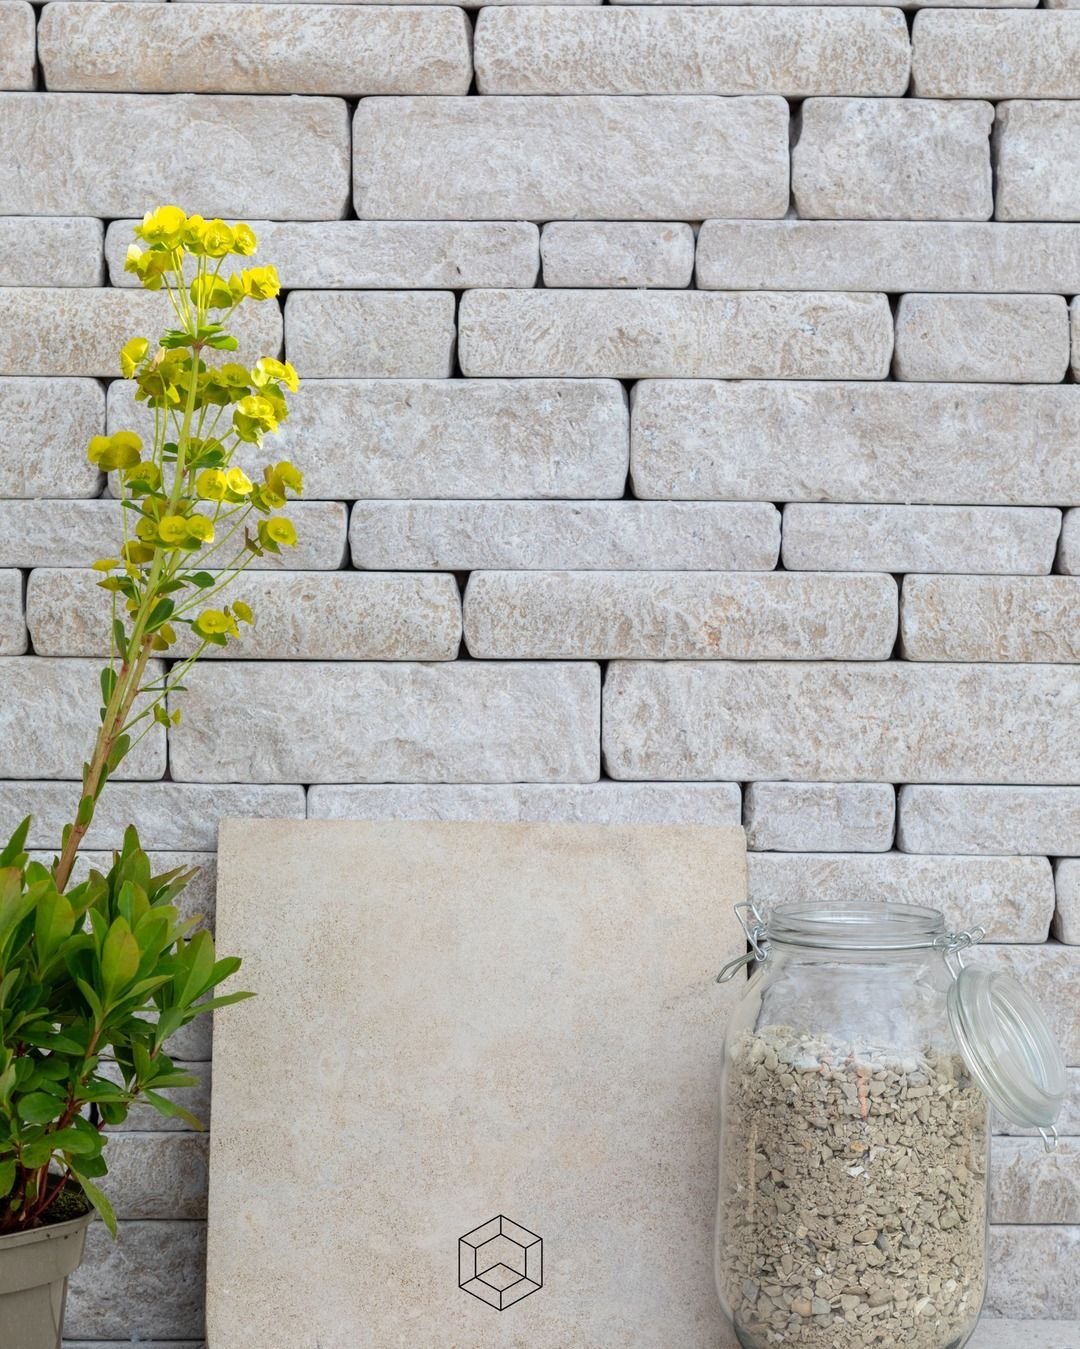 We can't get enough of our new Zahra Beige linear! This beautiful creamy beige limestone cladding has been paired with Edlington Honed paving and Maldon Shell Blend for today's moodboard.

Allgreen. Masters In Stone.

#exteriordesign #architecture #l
========================================================================
▶ [YOUR GOAL]: From the material above, copy everything exactly but the pictures.

▶ [SOLVED EXERCISE]:
 We can't get enough of our new Zahra Beige linear! This beautiful creamy beige limestone cladding has been paired with Edlington Honed paving and Maldon Shell Blend for today's moodboard.

Allgreen. Masters In Stone.

#exteriordesign #architecture #l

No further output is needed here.